“An astute investor whose abilities we highly respect has observed that stock prices are much more volatile than the businesses whose ownership they represent. Thus, well established profitable businesses tend to be stable, consistent, even surprisingly predictable, and are capable of withstanding periods of adversity without lasting damage. In contrast, stock prices are uncertain, variable, capricious, unpredictable and highly responsive to short term transient influences. It is ironic that so many investors devote so much effort to the exceptionally demanding challenge of predicting these volatile short term price movements. We prefer to direct our energies toward accumulating the basic knowledge necessary to identify and value the essentially stable, profitable, superior business enterprises in which we have an investment interest.”
- George Michaelis, 1979 Letter to Investors
The concepts needed to become a successful investor are very simple. As Joel Greenblatt says, “figure out what something is worth and pay a lot less for it.” Doing that over and over will produce outstanding results over time.

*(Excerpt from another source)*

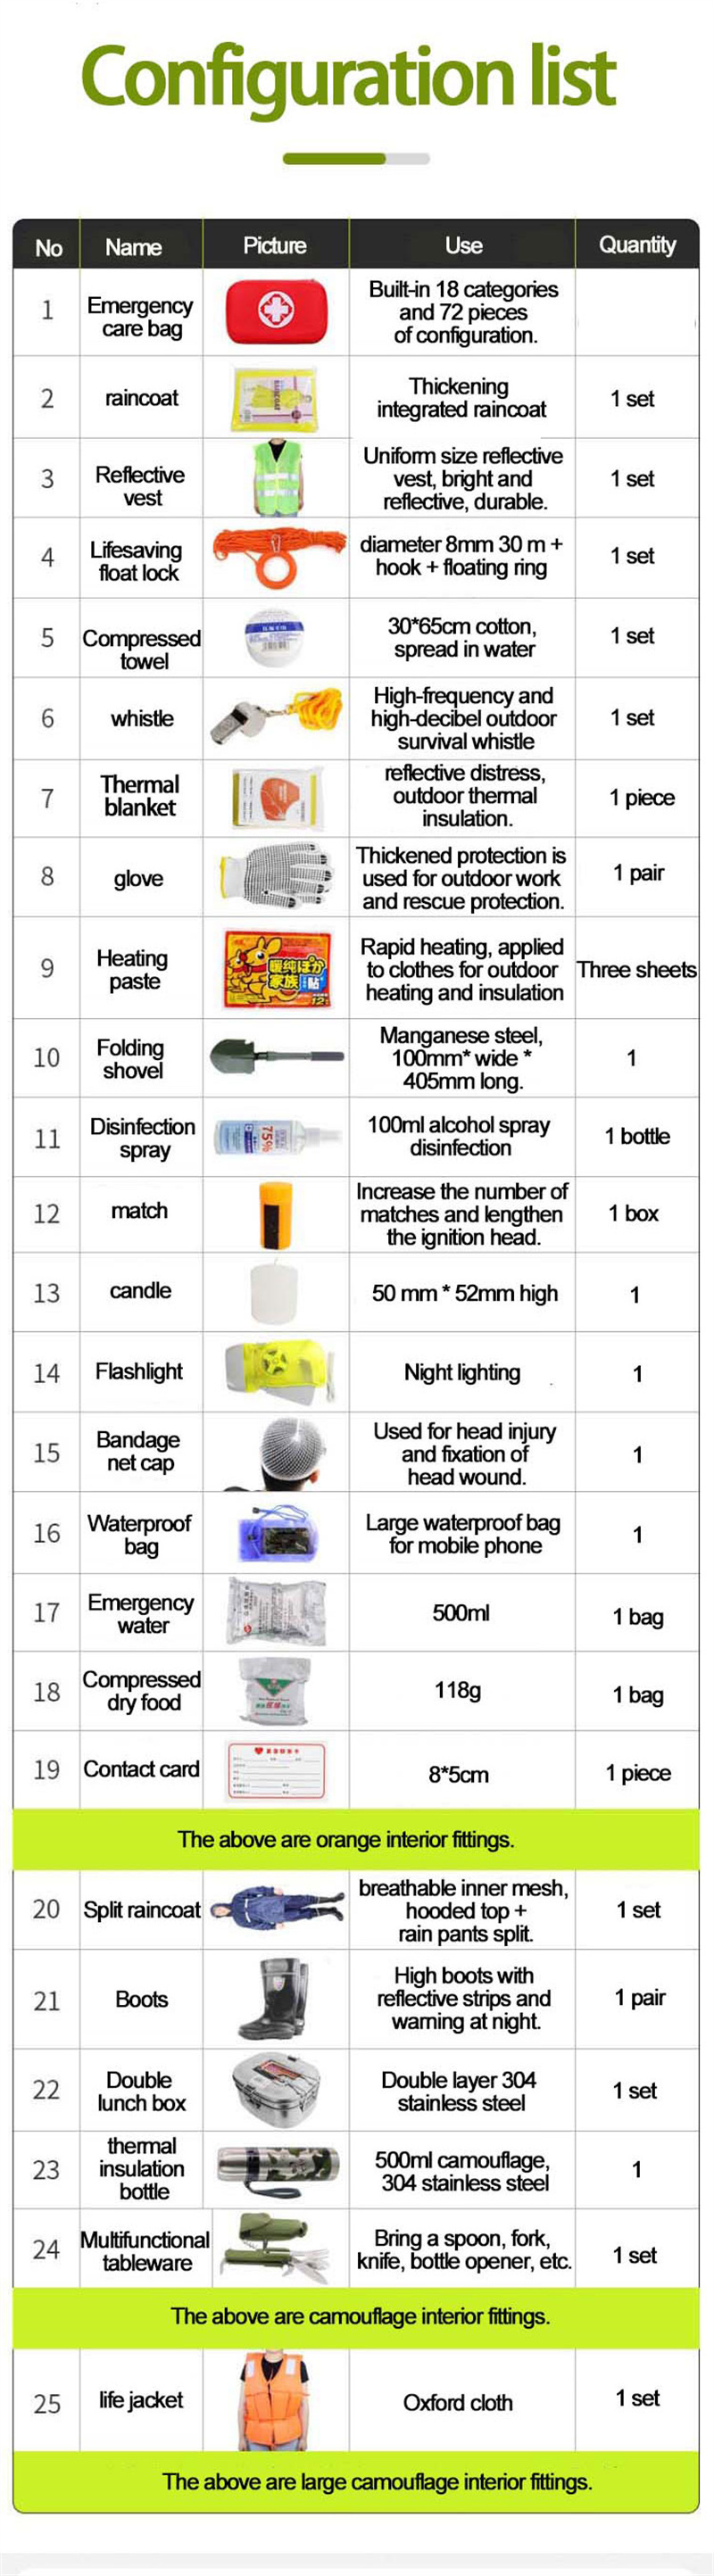 Mini First Aid Kit Bag Medical First Aid Field Kit

I like the highlighted quote above because Michaelis provides the “secret”, if there is such a thing, to successful long term investing. Basically, the key is to understand that market prices fluctuate much more (both up and down) than the true values of the underlying businesses they represent. This was true in 1979 and it remains true now. It’s the reason value investing has worked for the last 100 years plus…

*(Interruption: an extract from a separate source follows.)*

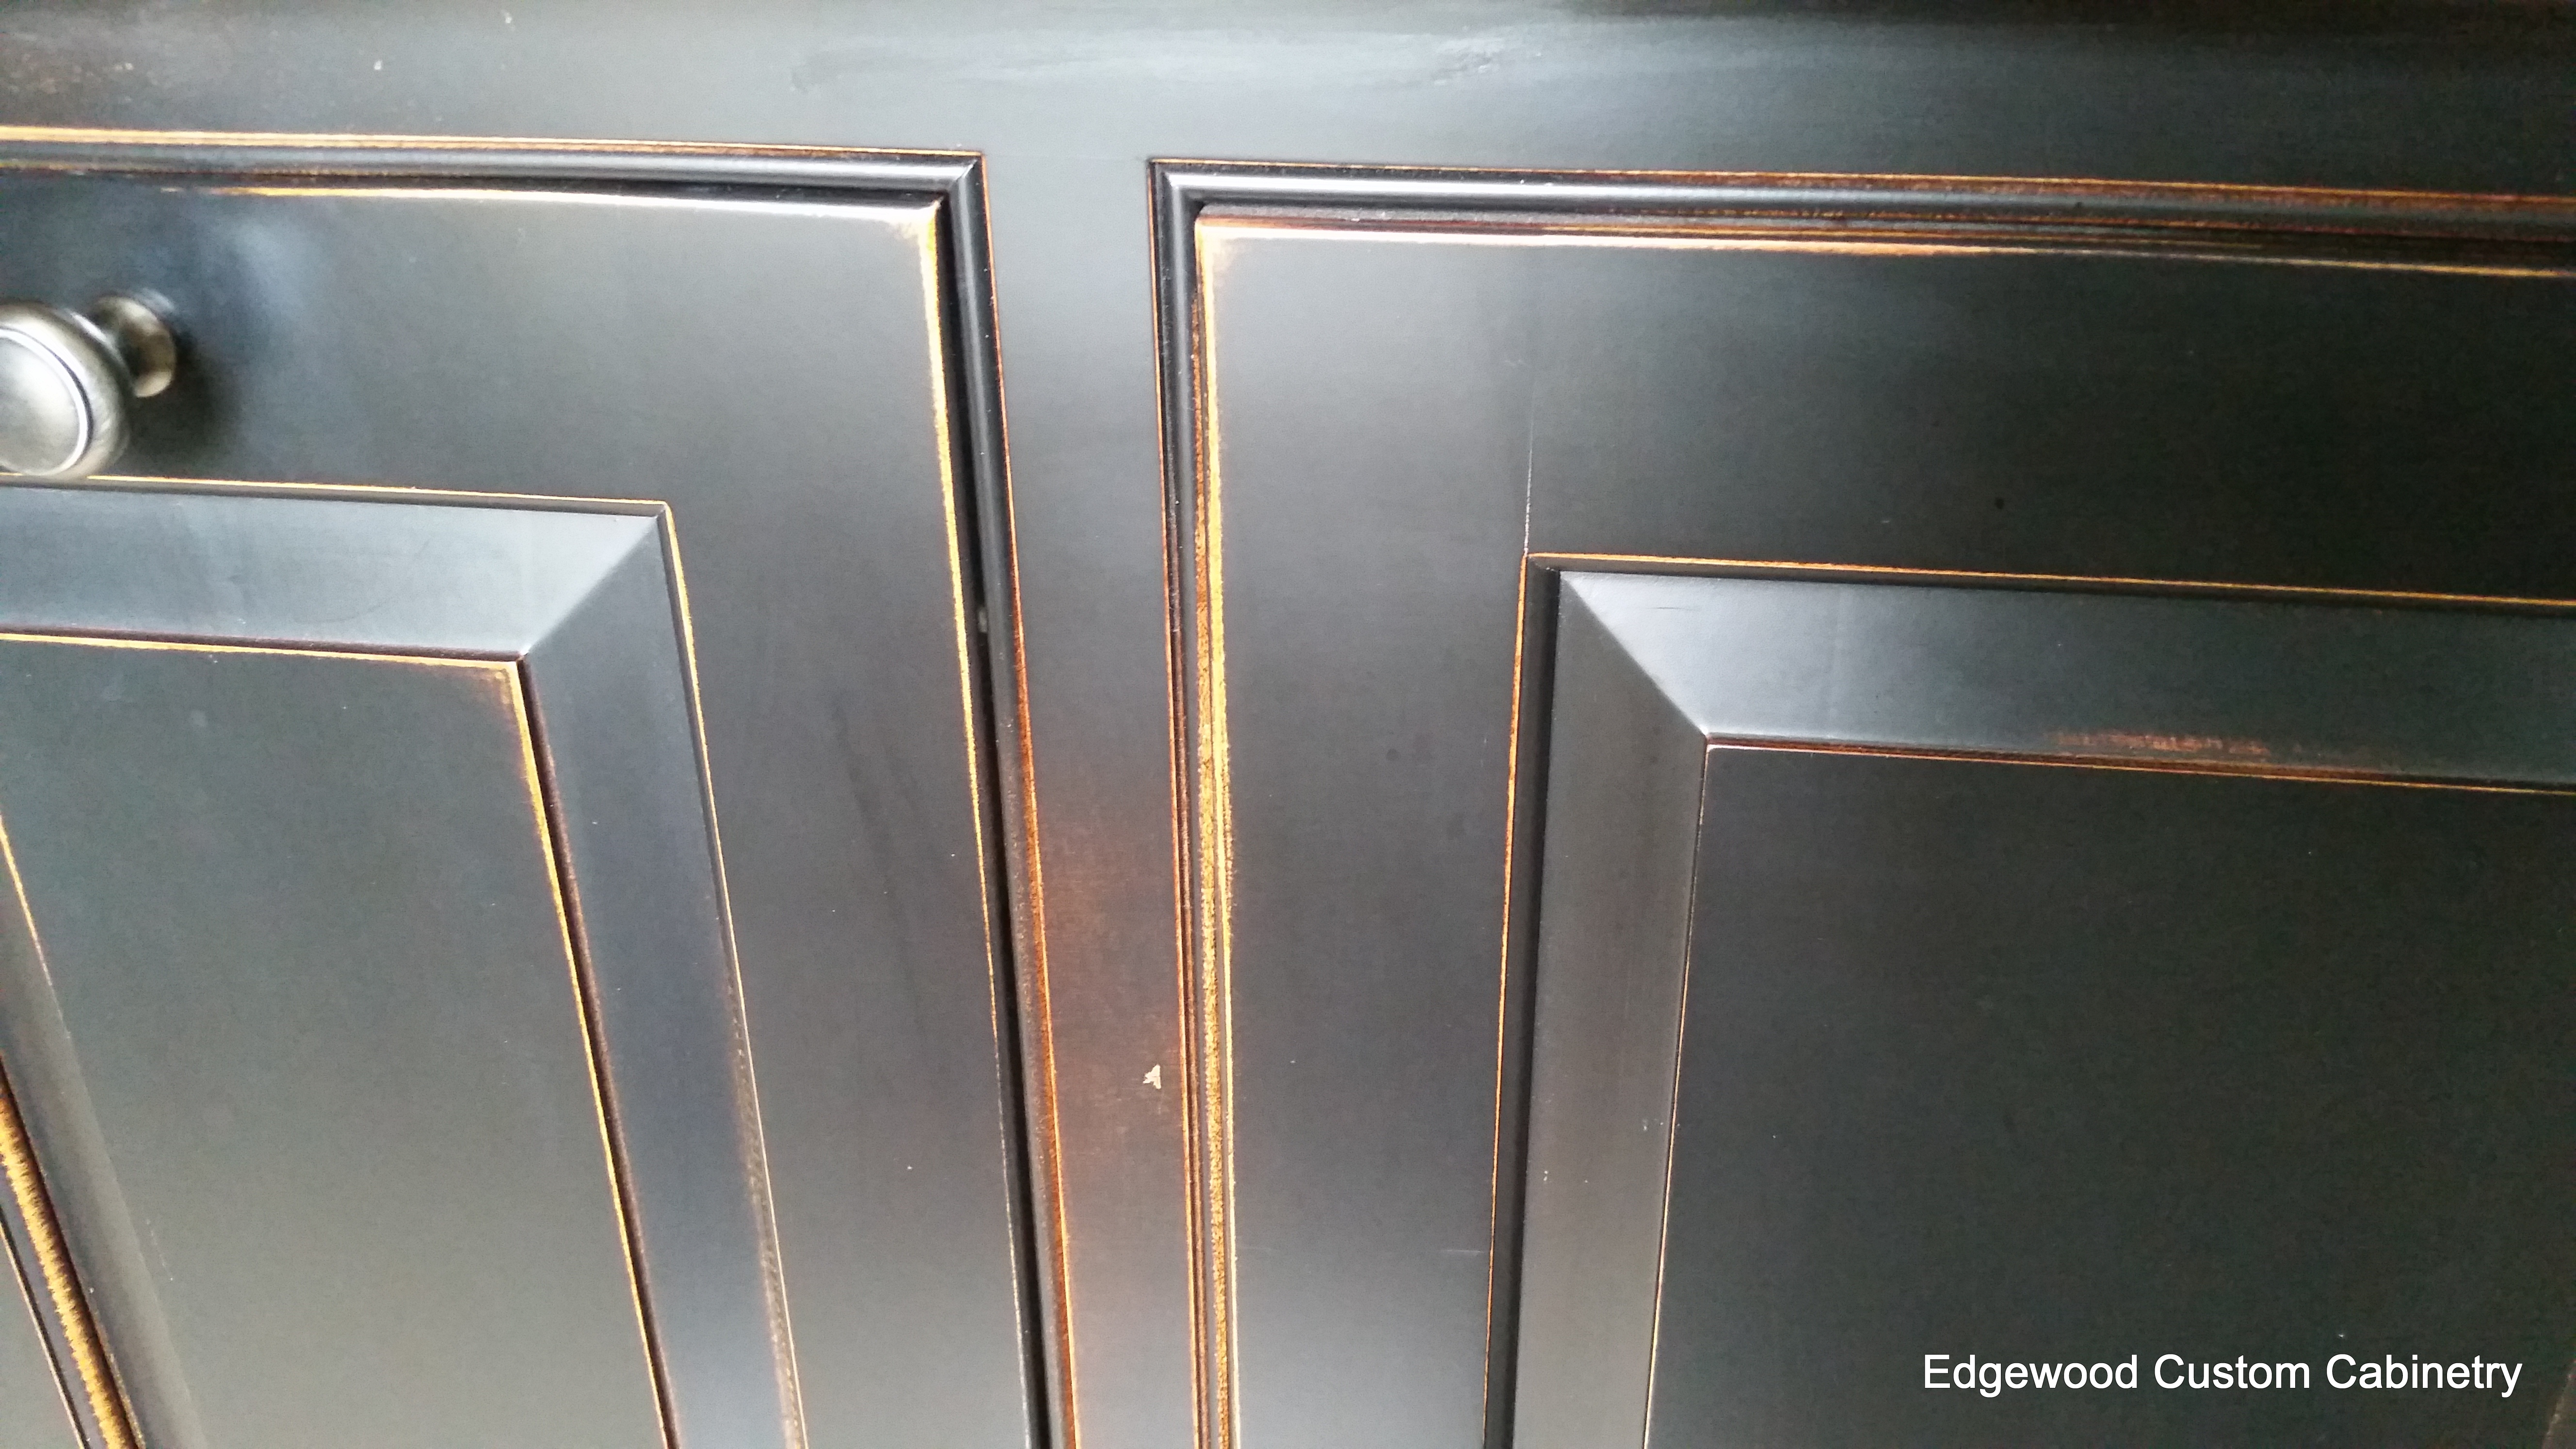 Inset Vs Overlay Cabinet Door Style Edgewood Cabinetry

The average stock fluctuates 80% between the 52 week high and the 52 week low each year. The average business doesn’t fluctuate in intrinsic value anywhere near that much on a yearly basis. Here is how we make money as patient investors. Buy when prices are below intrinsic value, and sell when they appreciate to fair value or more. Because of human nature, this phenomenon will always present us with a conveyor belt of new opportunities.
Michaelis mentions how he is surprised why so many people spend so much time on prediction, and very little time on “accumulating basic knowledge” to value businesses. These simple concepts worked for Michaelis, and he averaged 18% annual returns while managing his fund. As Warren Buffett has said, if he taught an investment course, he would teach only two things:
- How to value businesses
- How to think about market prices
Notice there is no course on economics, geopolitical (macro) analysis, technical analysis, or anything else. Just two simple topics that use simple concepts. Understanding those concepts and creating a process to execute daily is what we’re focused on at Base Hit Investing.